Demikianlah pada akhirnya, diakui ataupun tidak, tampaklah bagi setiap orang yang menyimak ucapan dua ulama di atas tentang keberadaan majalah yang banyak tersebar di tangan kaum muslimin sekarang ini. Apa pun dalih bagi kalangan yang menentangnya, namun sesungguhnya kebenaran itu tidak akan sirna selamanya.

(Dinukil secara ringkas oleh Ummu ‘Abdirrahman bintu ‘Imran dari tulisan al-Ustadz Abu Ishaq Muslim al-Atsari yang berjudul Kedudukan Media Massa dalam Syariat Islam)

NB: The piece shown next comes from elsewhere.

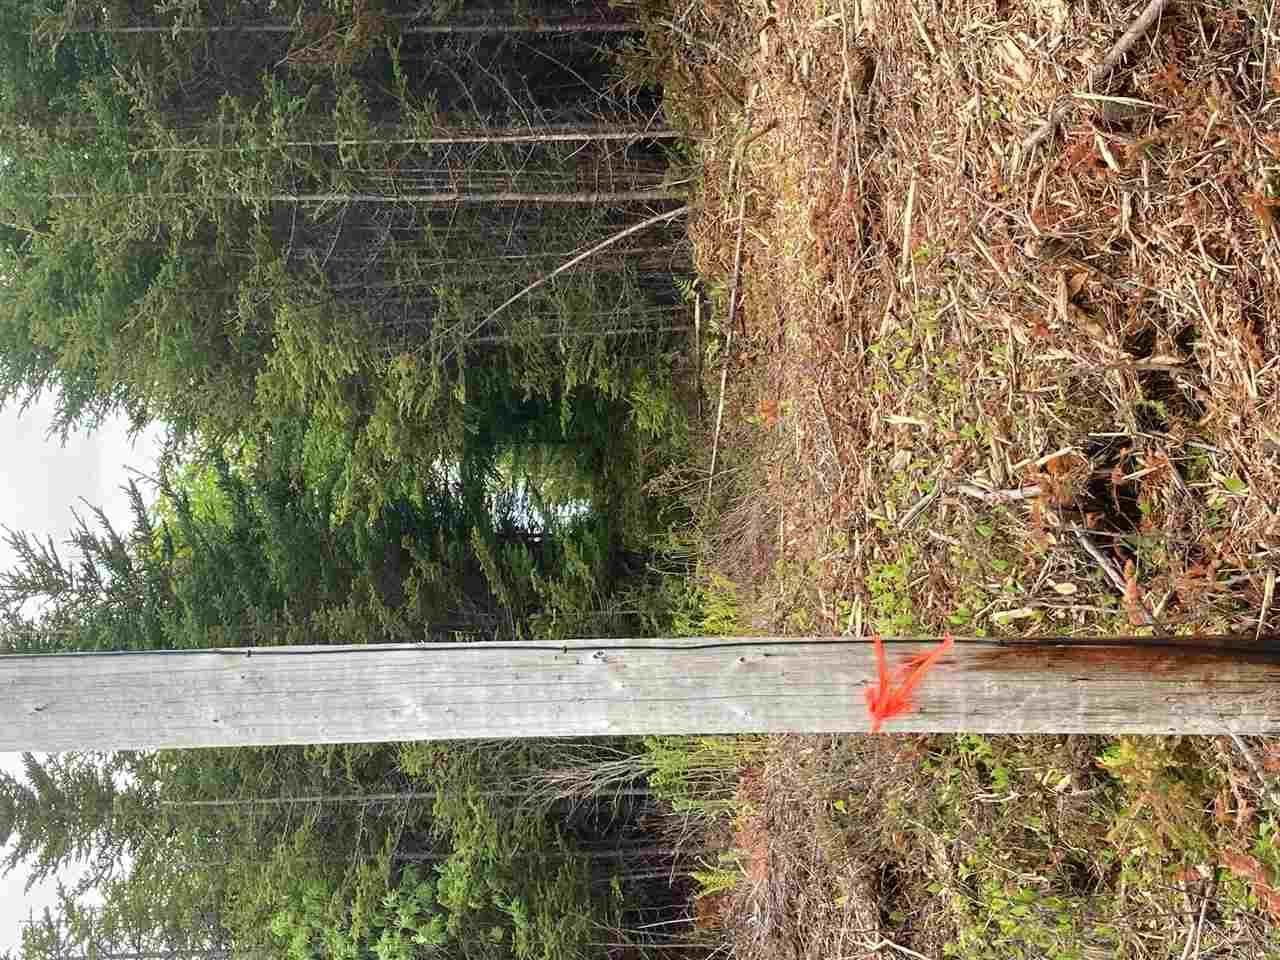 Photo 9: Photos: 1405 Highway 7 in Marie Joseph: 303-Guysborough County Vacant Land for sale (Highland Region)  : MLS®# 202010345

[1] Atau membuka aurat atau bahkan gambar-gambar wajah wanita saja, itu sudah cukup membuat fitnah (red.).

[2] Asy-Syaikh Muqbil rahimahullah menjelaskan bahwa gambar itu dipotong kepalanya hingga menyerupai pohon sebagaimana disebutkan dalam hadits-hadits lain.